Geçtiğimiz aylarda Bozburun Marina’nın yalnızca 13 günlük bir şirkete devredildiği yönündeki tartışmaları Meclis’e taşıyan Uzun, şimdi de halkın kullanımında olması gereken Kızkumu Plajı için benzer bir durumun yaşandığını vurguladı.
"Denizler Halkındır" Demiştiniz, Şimdi Ne Değişti?"

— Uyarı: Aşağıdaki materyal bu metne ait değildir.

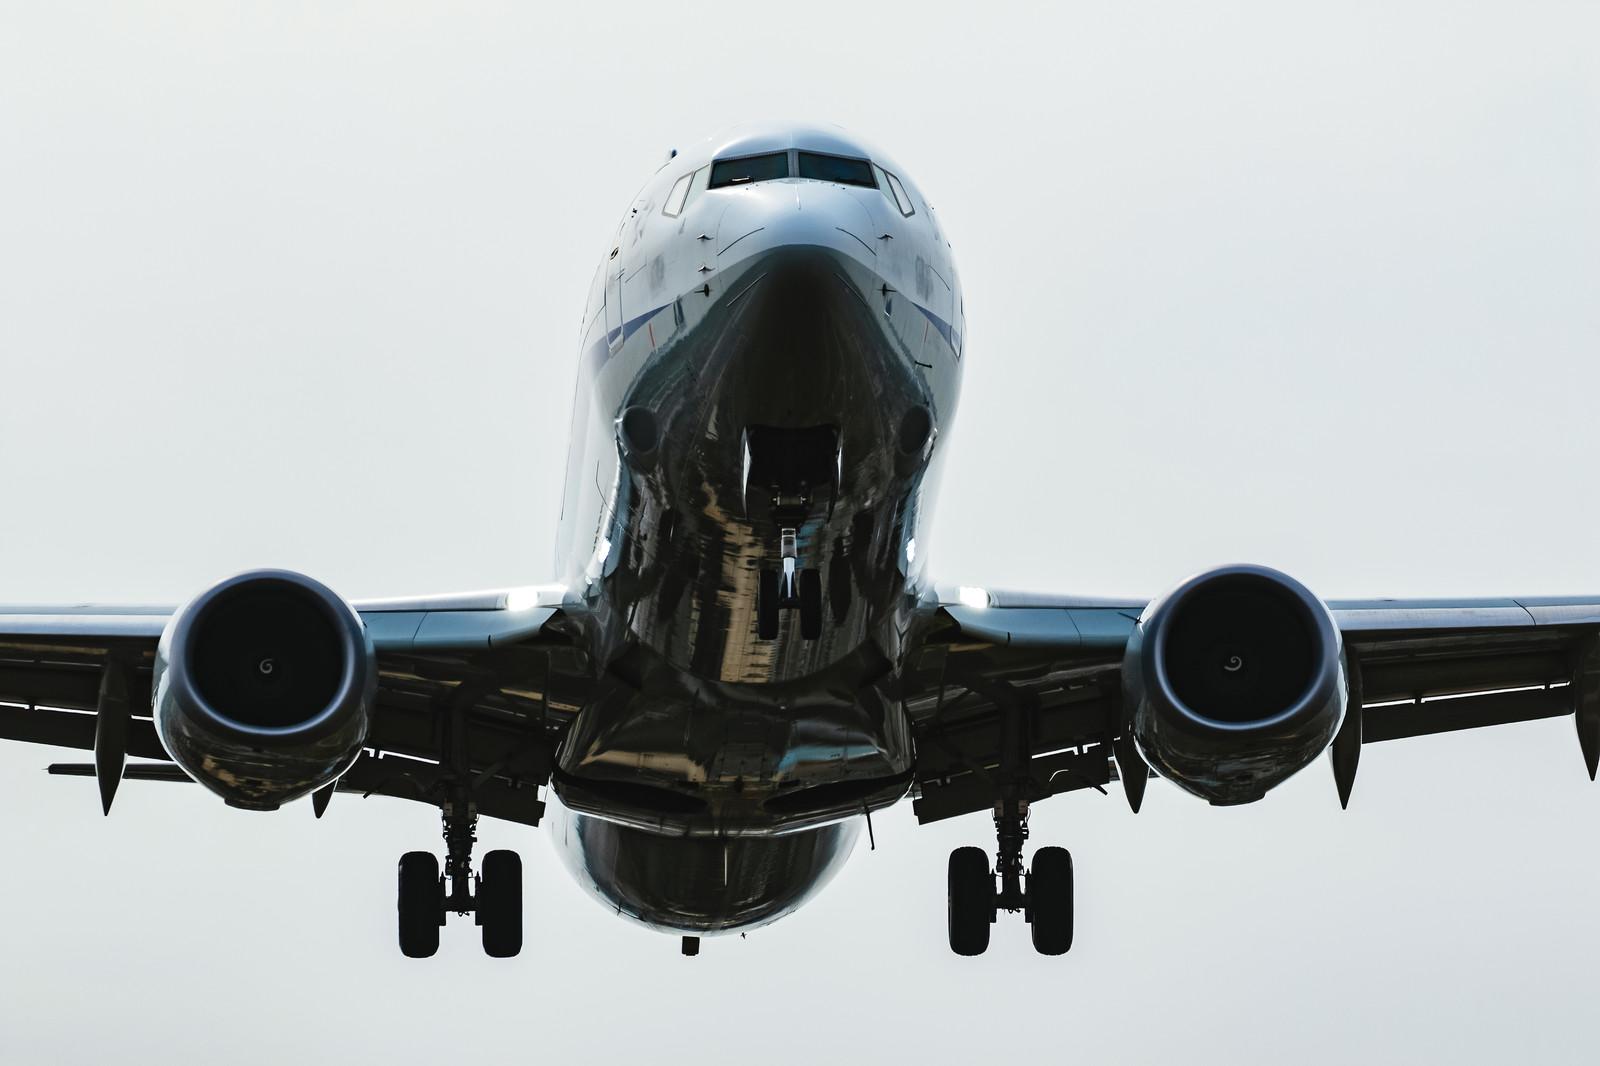 飛行機で快適に過ごす方法をご紹介!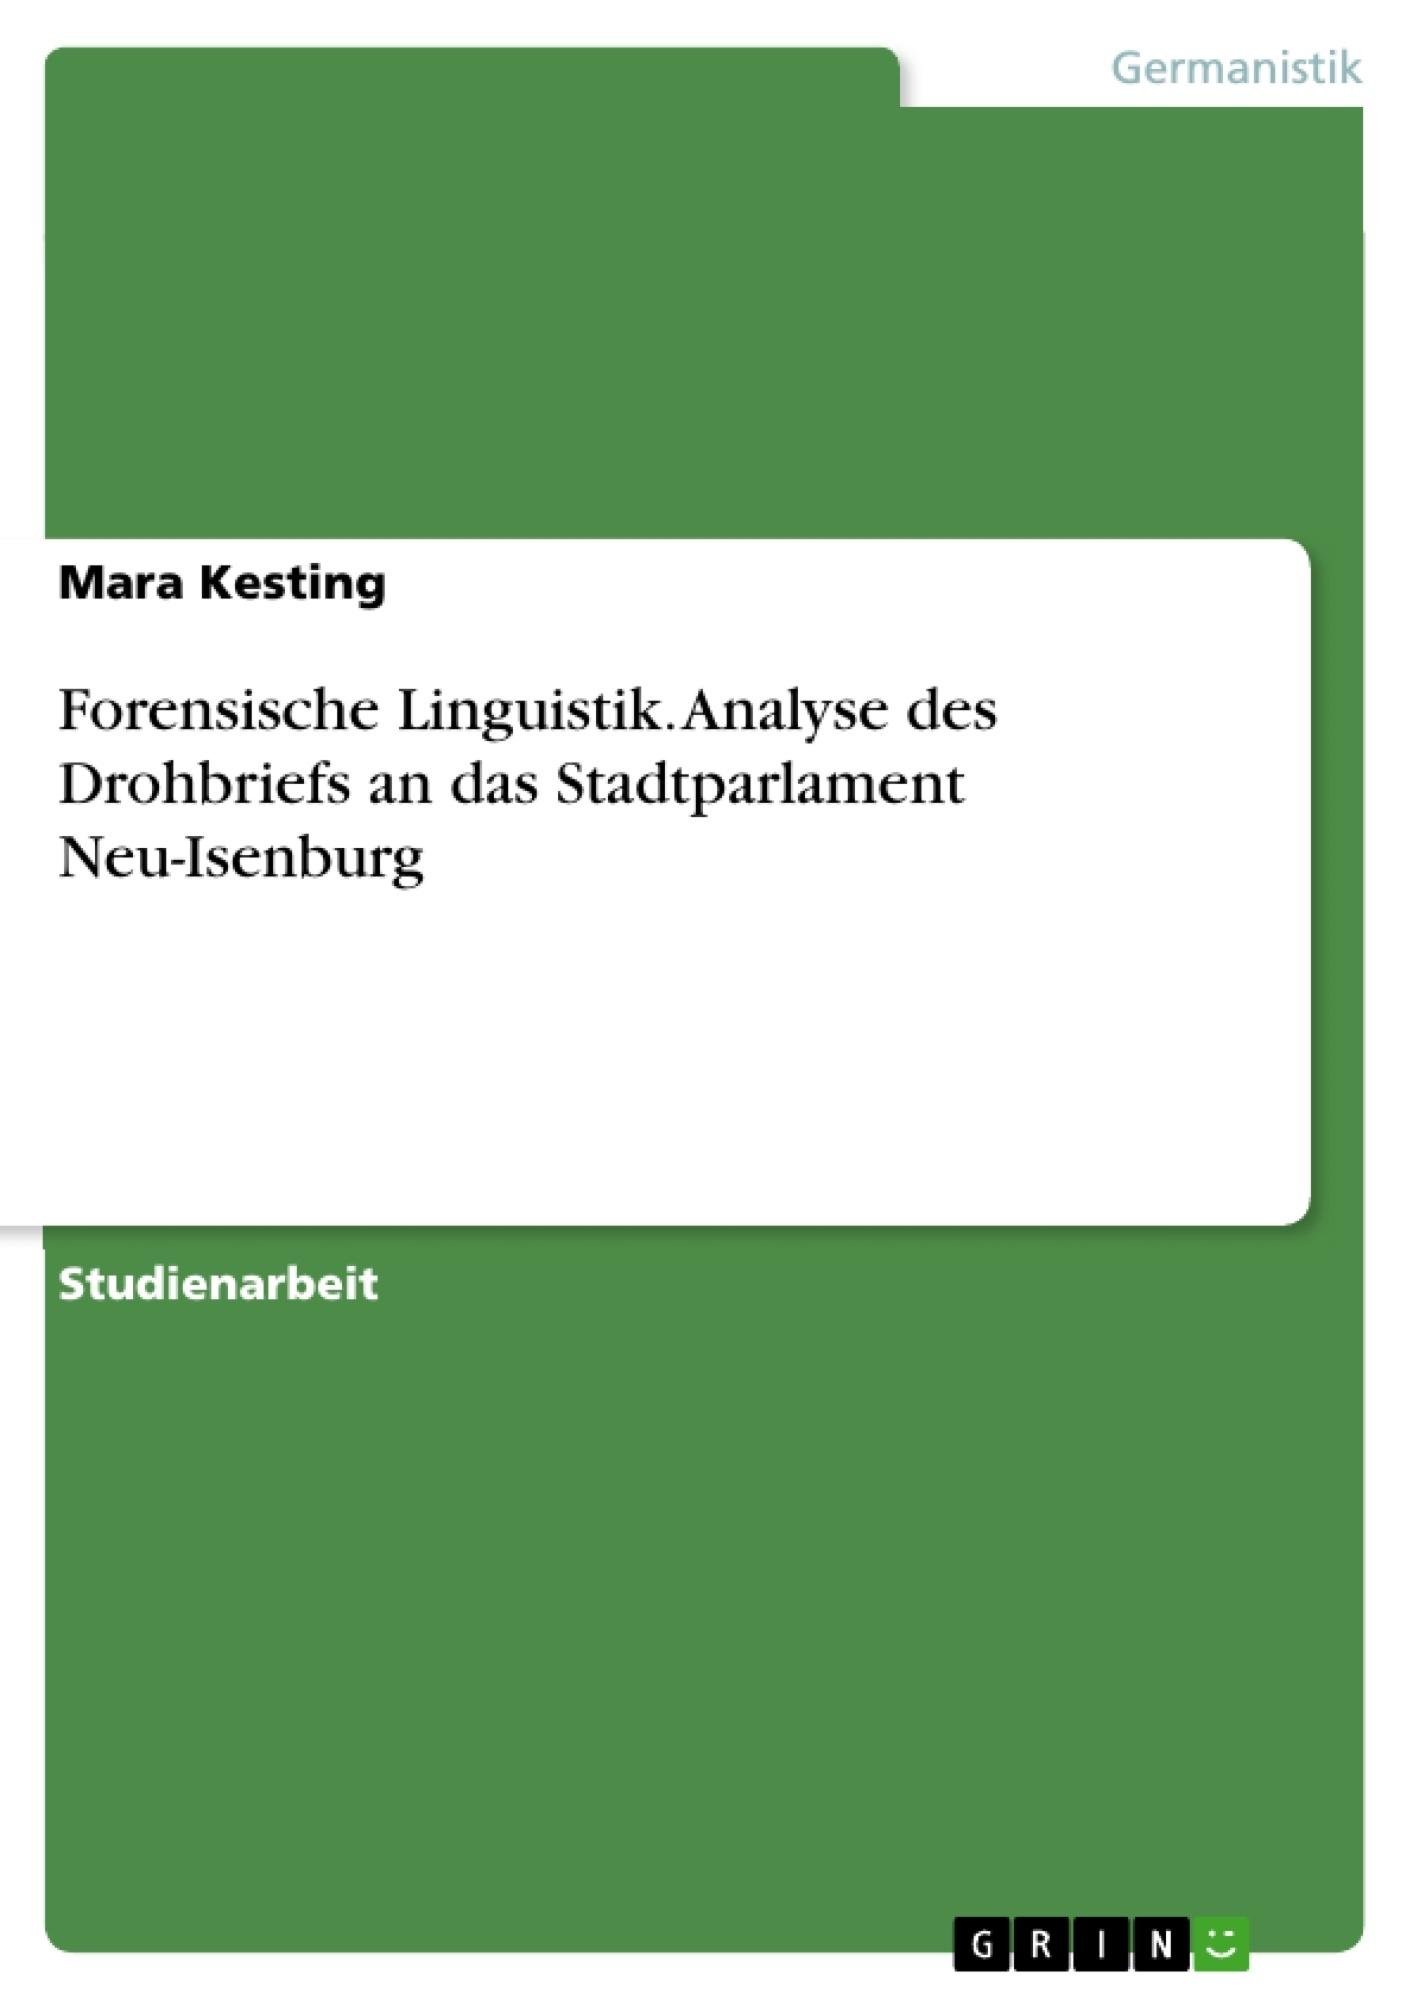 Titel: Forensische Linguistik. Analyse des Drohbriefs an das Stadtparlament Neu-Isenburg

Konuya ilişkin olarak Çevre, Şehircilik ve İklim Değişikliği Bakanı Mehmet Özhaseki’nin yanıtlaması istemiyle soru önergesi sunan Cumhur Uzun, şu ifadeleri kullandı:
“Yıllar önce Bakanlık, ‘Denizler Halkındır’ projesiyle halkın sahillere erişimini güvence altına alacaklarını duyurmuştu. Ancak zamanla bu söylemin tam tersi adımlar atıldı. Kıyıların büyük bölümü ‘Kıyı Yönetimi ve Çevre Koruma A.Ş.’ (eski adıyla MUÇEV) adlı şirkete devredildi. Bugün geldiğimiz noktada MUÇEV, halkın kıyılarına erişimini sınırlayan uygulamalarıyla sık sık gündeme geliyor.”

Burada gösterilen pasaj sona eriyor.